That’s correct, universal2 doesn’t preclude anything else. This just extends the support for fat binaries on macOS wel already have to a new combination of architectures.

I hope to see universal2 wheels when Apple starts shipping hardware to customers and as long as we keep supporting Python on Intel Mac’s.

1 Like

Then yea, I say let’s do universal2 and individual projects can choose the method that works best for them.

3 Likes

Just an FYI here: @ronaldoussoren and I are now working on this on the cPython side based on the first Big Sur developer preview and with no access to real hardware yet (that’s coming).
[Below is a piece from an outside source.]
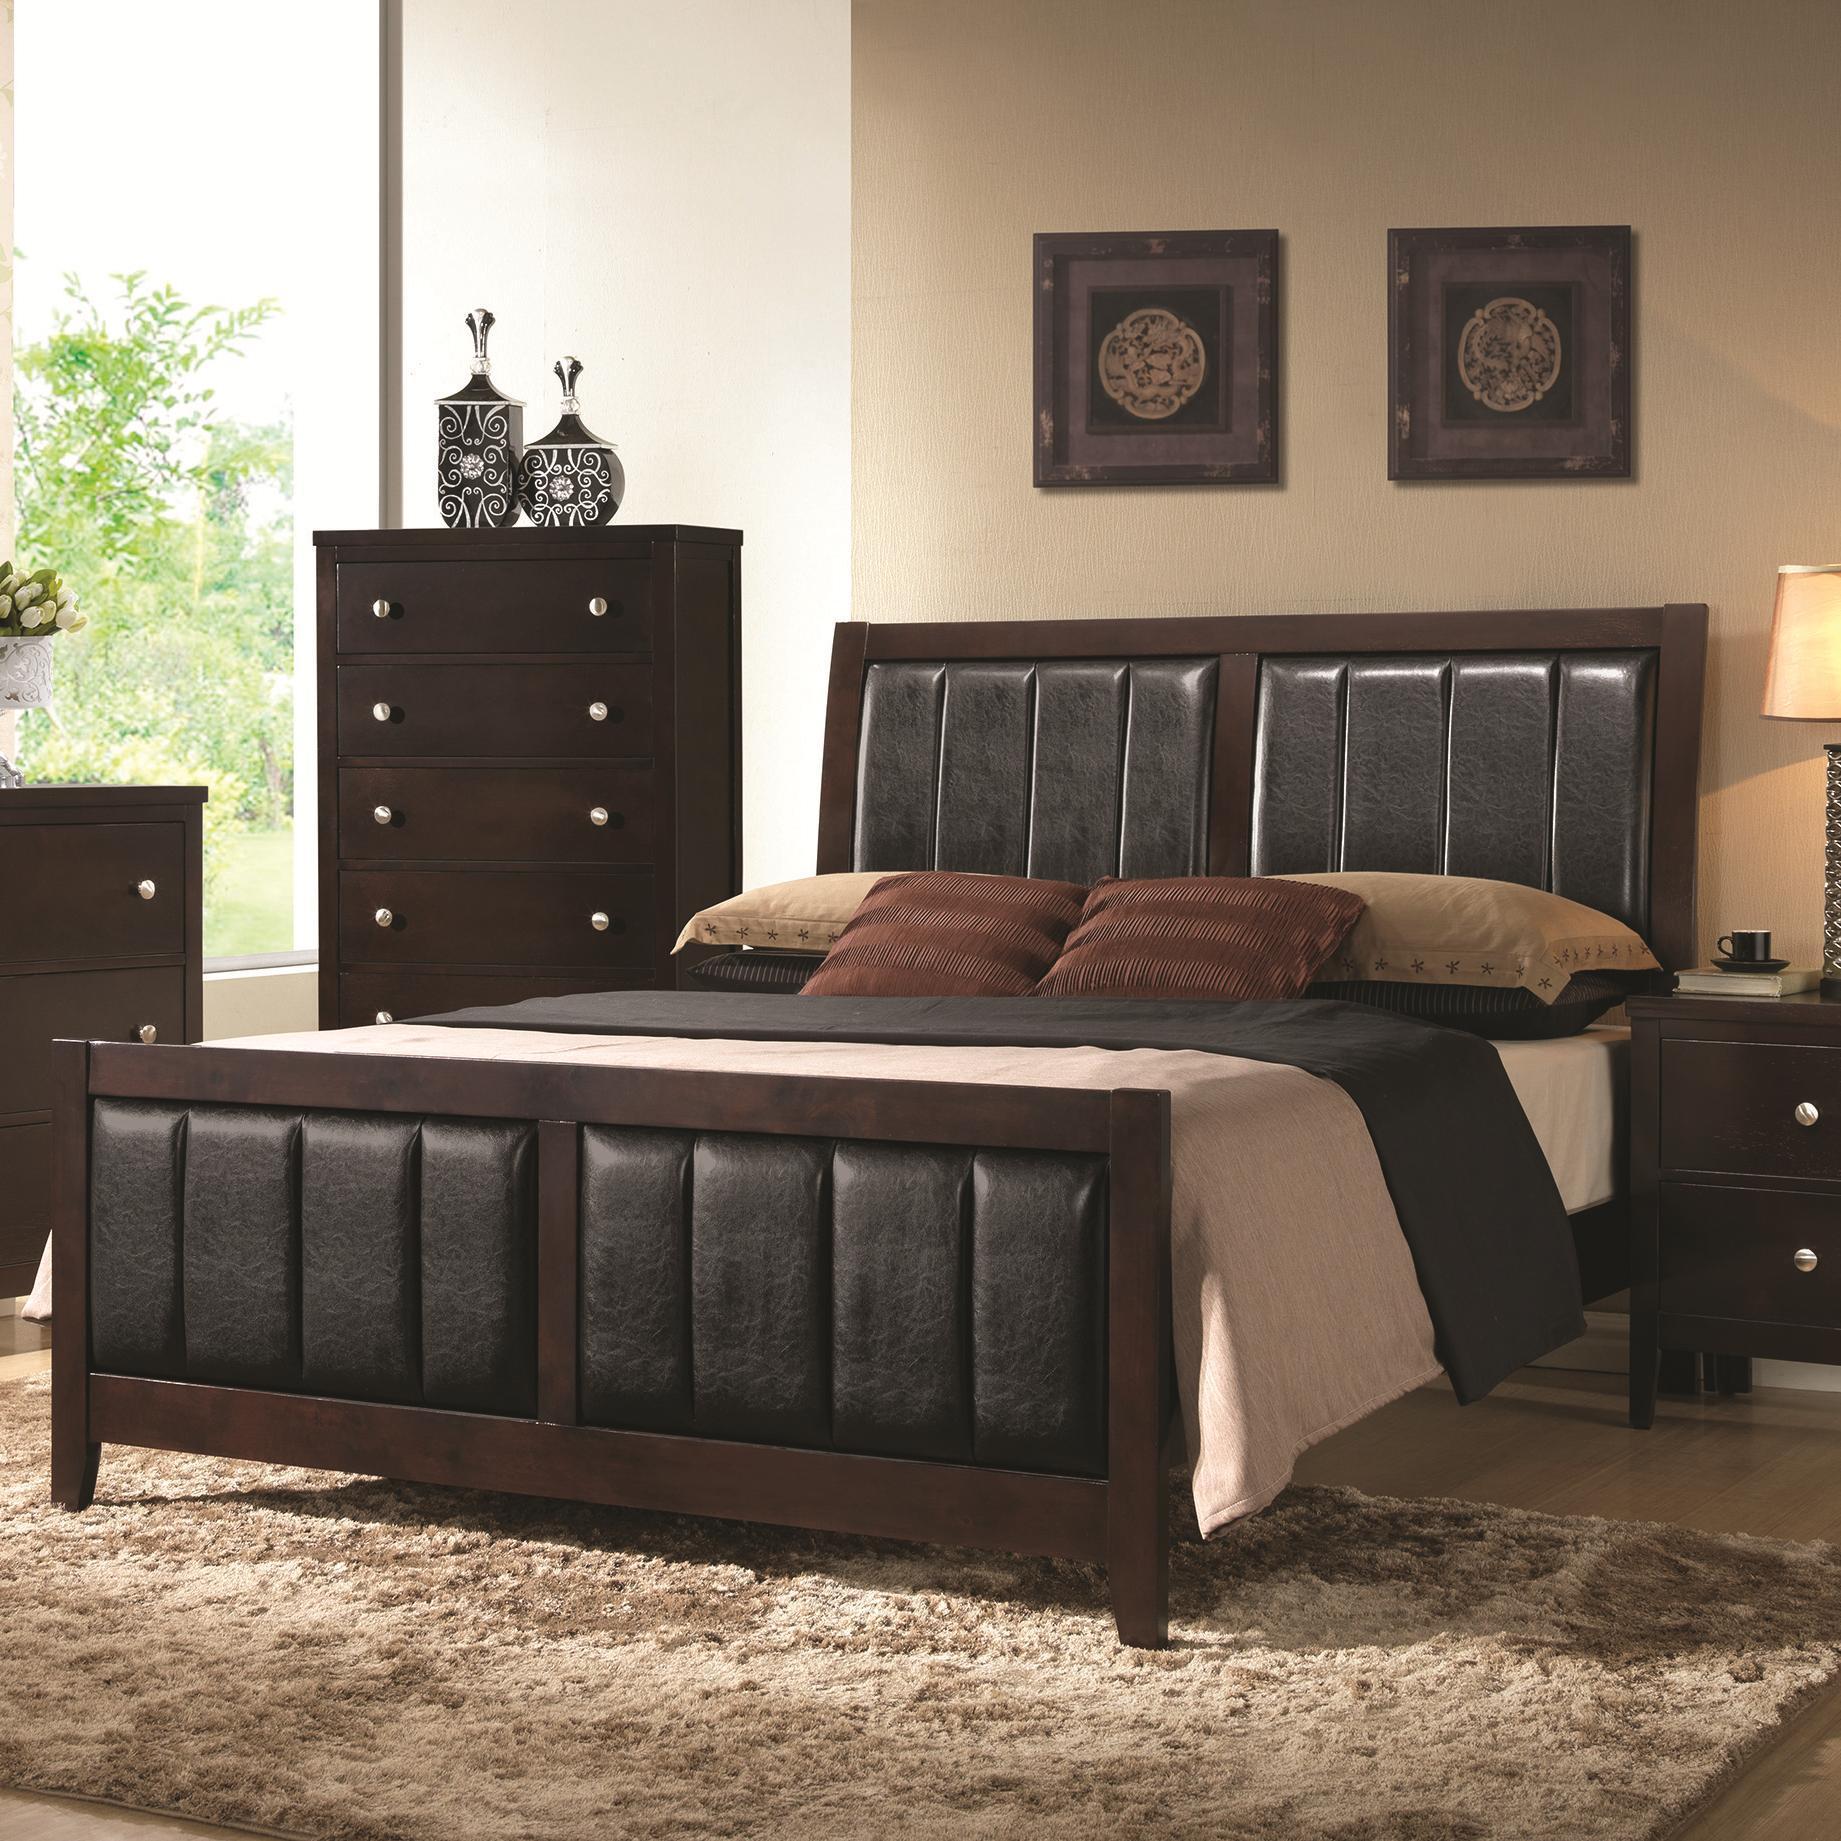 Coaster Carlton California King Bed - Item Number: 202091KW

With an expected first official release of Big Sur sometime in the fourth quarter of 2020 (so at least three months from now), we expect to have full support for it in a future 3.8.x bugfix release and likely with the first release of 3.9.0. The final bugfix release of 3.7.x, 3.7.8, is about to be released so it will not fully support Big Sur, in particular running on Apple Silicon hardware. For cPython branches already in the security-fix phase of their release cycles, currently 3.6 and (for a couple of months) 3.5, we generally do not support new operating system platform releases. (All other branches have already reached their end-of-life, including of course 2.7.)

3 Likes

In my opinion, alternative 1 is better, because it follows the existing practices that were used in the days when macs were either intel or ppc. It also allows for wheels to be distributed as either x86_64 only, arm64 only , or “universal2”